Raif observó mientras su tío encendía el fuego cerca de la entrada de la tienda. No valía la pena volver a hacer la pregunta, pues Angus Lok no había dicho nada que no quisiera decir. Sabía más cosas sobre la guerra que se aproximaba, eso era seguro, pero no hablaría de ello hasta que no lo considerara apropiado. Acercándose las manos a la cara, el joven sopló sobre sus helados y doloridos dedos. Había oscurecido por completo hacía ya varias horas, pero seguía teniendo buen cuidado de no volver la mirada al norte. El clan había quedado atrás, y así era como debía ser.

Al cabo de un rato, se dirigió a la tienda. Mientras se arrastraba hacia el interior a través del faldón, sintió cómo los puntos de su pecho tiraban de la piel, y necesitó unos instantes para sobreponerse al dolor. Se quitó las ropas de hule y se instaló con cuidado entre las mantas y pieles de alce. No sentía deseos de comer, ni tampoco calor o frío, y acomodó el cuerpo en la posición que le provocaba menos dolor y aguardó a que llegara el sueño.

«Los Granizo Negro lucharán solos».

No descansó de un modo placentero, pero durmió.

A la mañana siguiente, cuando despertó y gateó fuera de la tienda para atender sus necesidades, vislumbró un nuevo paisaje más abajo de la elevación meridional. Un enorme y en parte congelado lago se extendía en la distancia hasta donde alcanzaba la vista. La orilla aparecía gris debido al hielo sucio; sin embargo, el centro era negro, oleoso y humeaba por el vapor desprendido por la escarcha.

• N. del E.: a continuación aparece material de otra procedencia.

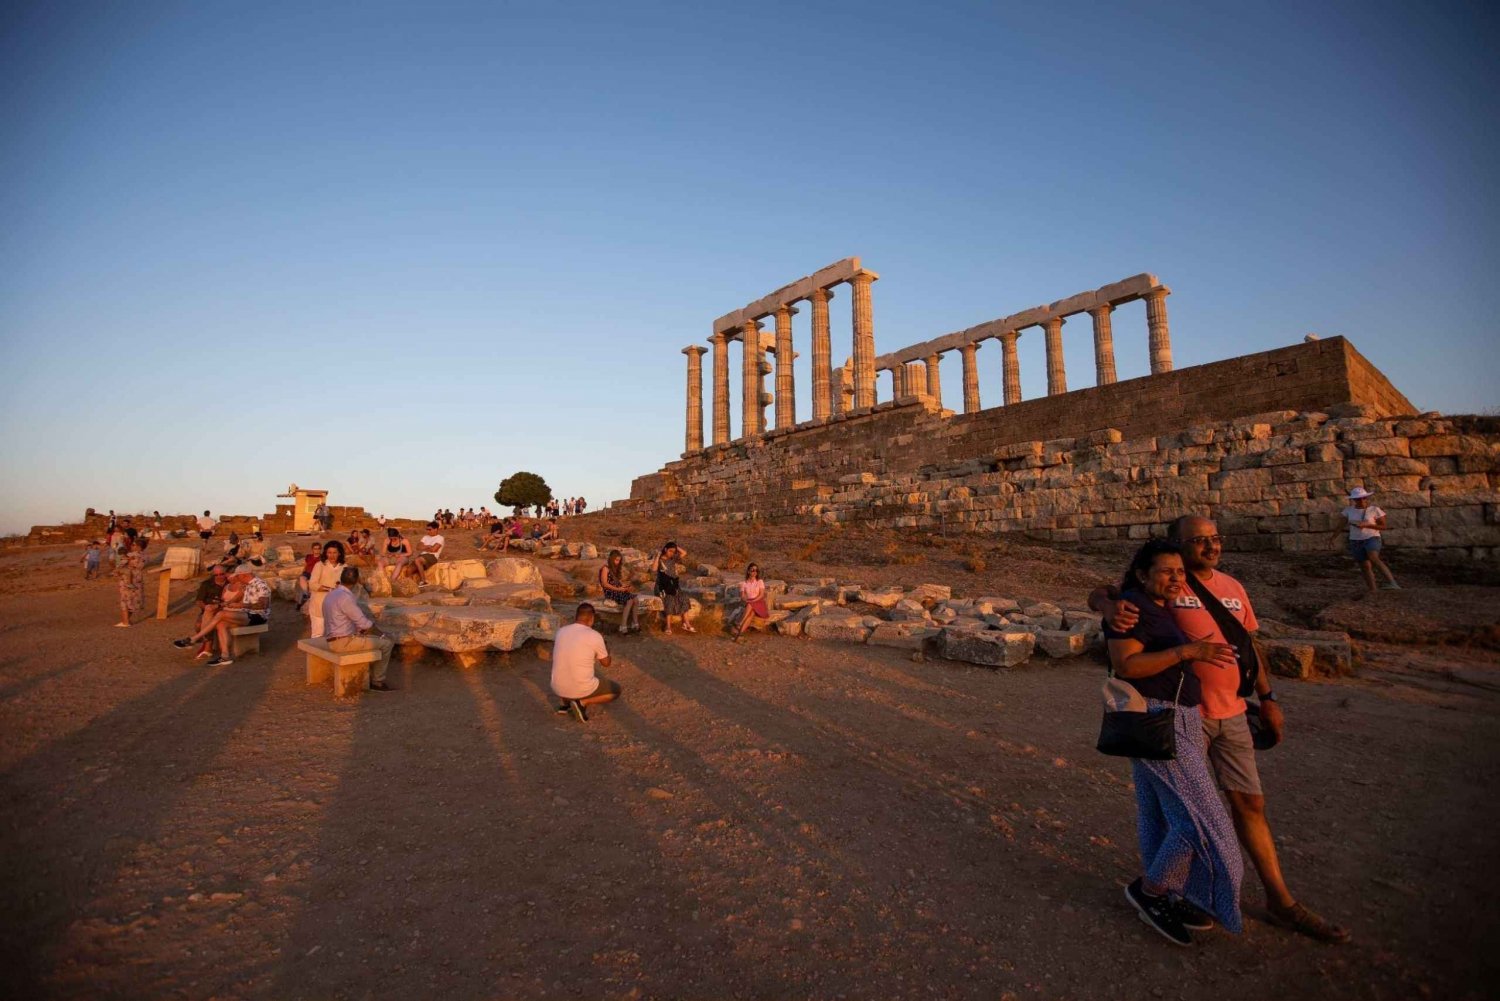 Athen: Solnedgangstur til Cape Sounion og Poseidon-templet
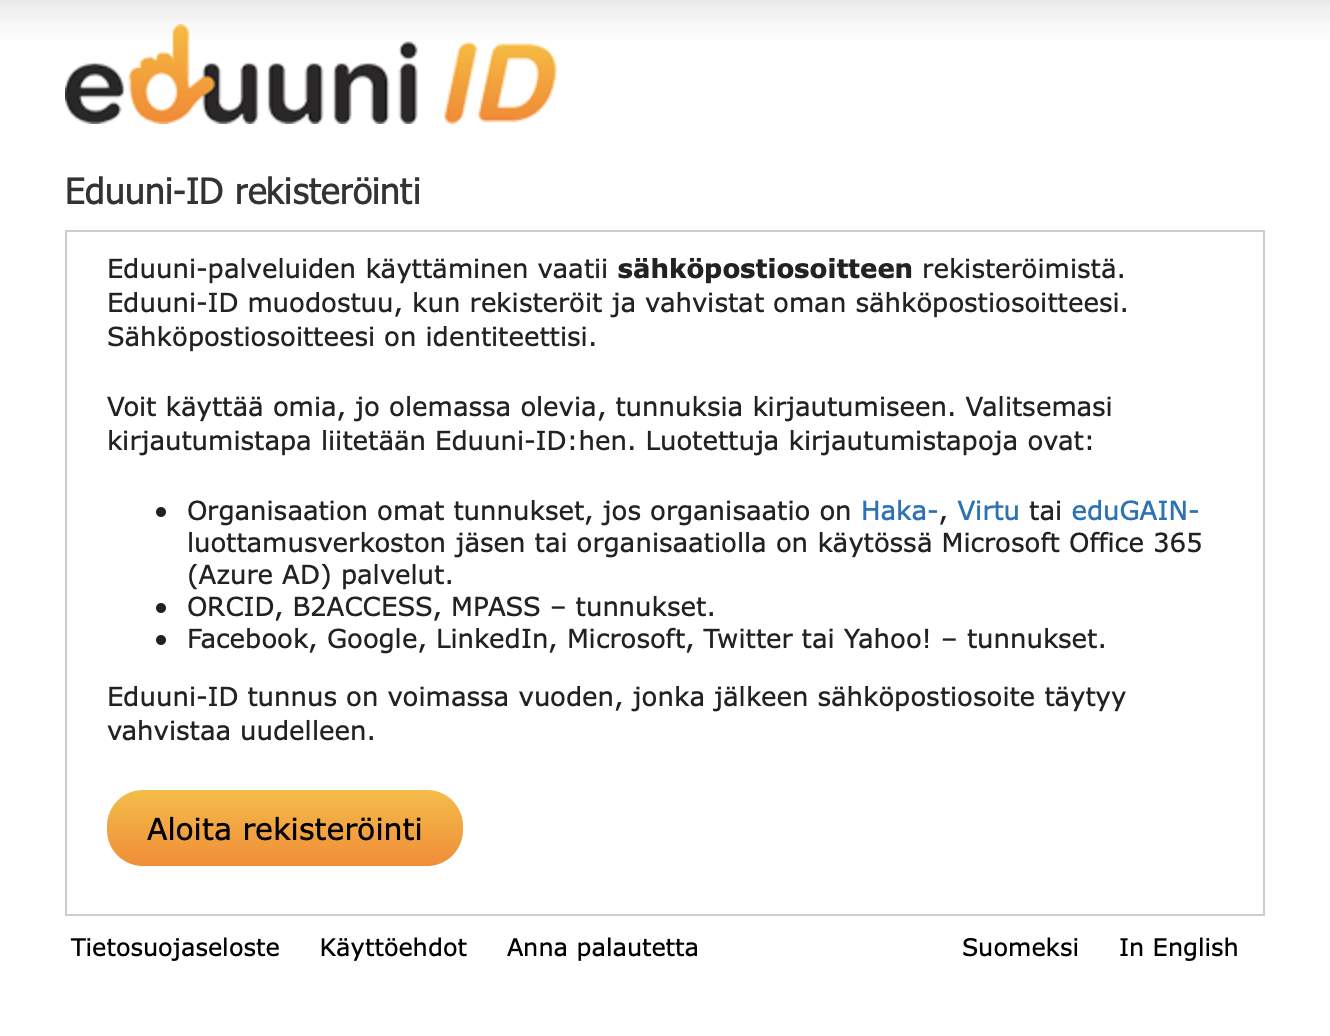 Aloita rekisteröinti -sivu osoitteessa id.eduuni.fi.

—El Rebosadero Negro —murmuró Angus, yendo a colocarse junto a Raif—, el lago más profundo de los territorios. Ile Espadón reclama como suya la orilla este. Bordearemos la orilla oeste, en dirección a las cordilleras.

Raif asintió, repentinamente muy consciente de lo lejos que se hallaba de su hogar. Jamás había estado tan al sur; nunca antes había pisado una tierra que no perteneciera a un clan.

«Effie. Drey».

Bruscamente, se dio la vuelta y se marchó a dar comida y agua a Alce. Levantaron el campamento poco después, encaminándose al sudoeste, y luego al sur, en dirección a los imponentes picos de Espira Vanis. El clima se tornó más cálido, los vientos se aceleraron y nubes de tormenta empezaron a reunirse en el norte.